You have a mocked-up label that says “slaughter-free steaks, real bovine meat.” It’s a little more long-winded and nuanced than some of the other terms I hear being kicked around…
Everyone is using different terms. We don’t use ‘clean meat.’ Some are using ‘cell-based’—which no one likes. I like ‘slaughter-free.’ It’s factual. There are two ways to produce meat, with slaughtering animals and without slaughtering animals, so it’s very clear. You know with “cell-based” meat, if you don’t know the field then you don’t understand what it means. Even with “clean meat” you don’t know what it means. Is it meat that has been washed? You have to know what it is about to understand the term. Slaughter-free is pretty bulletproof in understanding what it means, and it conveys the key difference.

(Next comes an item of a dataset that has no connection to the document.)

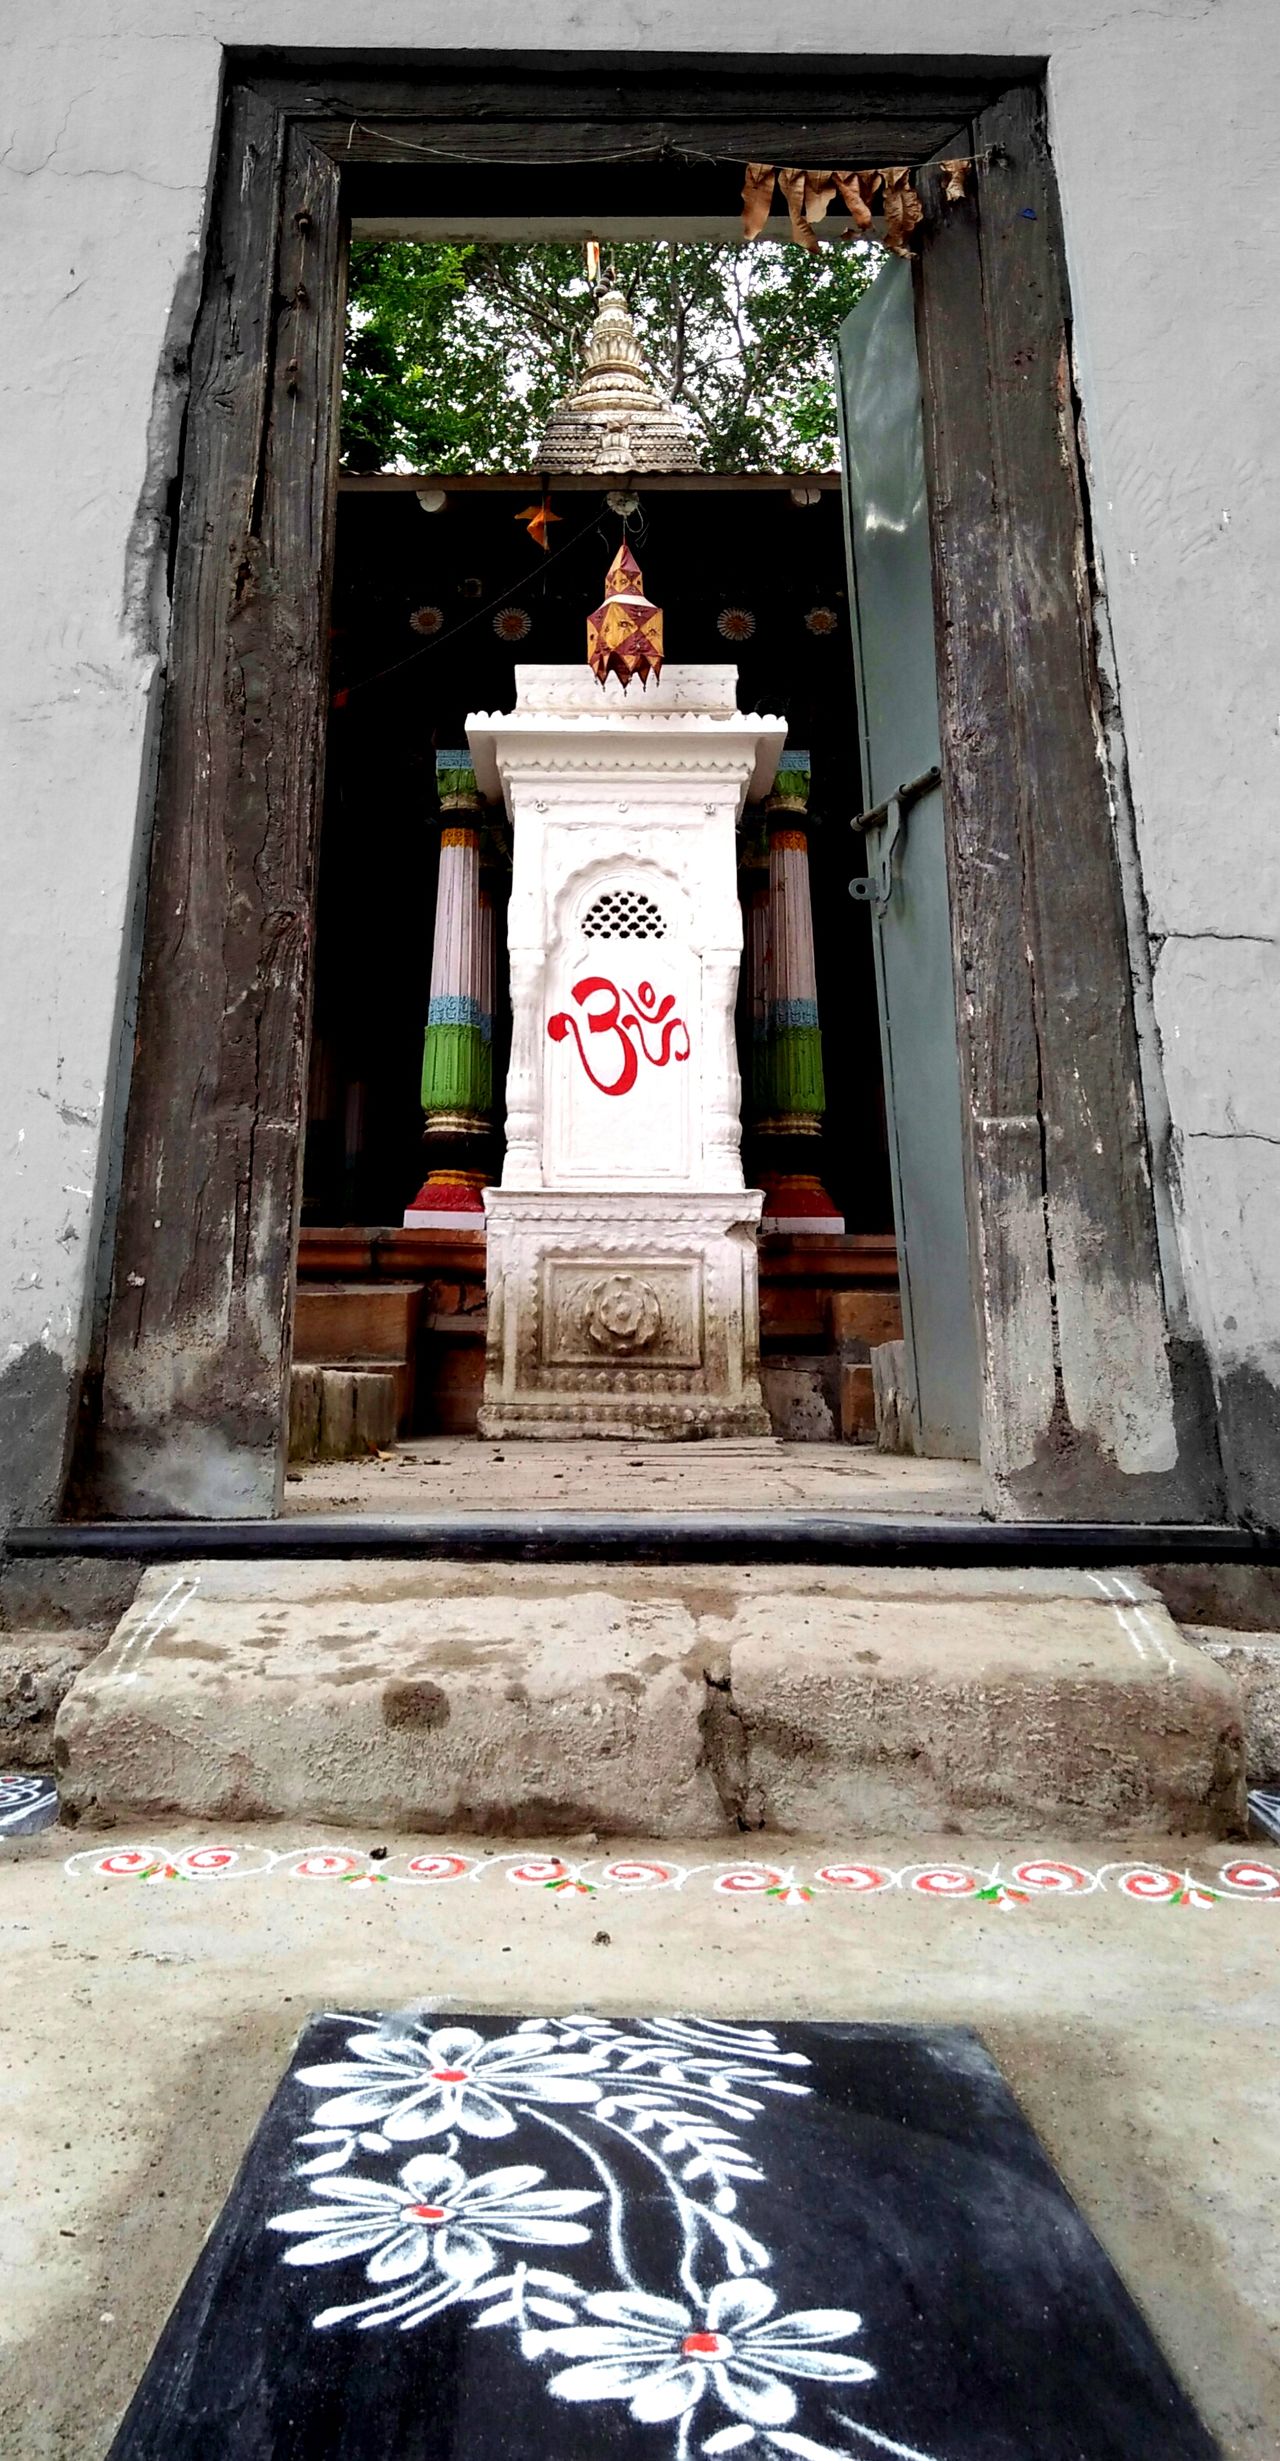 Temple in Nagpur India

When you think about exporting really good ideas internationally, it can be really difficult. How easy do you think it will be to take your technology and appeal to the US, Europe, and China. Do you think you’ll focus on the US first? China?
It’s a good question. Currently we’re building our go-to-market strategy. Hopefully by the end of this year we’ll make a decision on where we’d like to focus first. We’re currently still looking at different geographies and opportunities. So, we don’t know yet.
Walk me through if you went to the US or China first, what would the pros and cons be?
If we go to the US, the pro is that marketing will probably be easier because there’s more openness and awareness around this issue, especially on the West Coast. It looks like there is a real effort by the regulatory authorities to clear cultured meat and make it happen. In China regulation might be difficult.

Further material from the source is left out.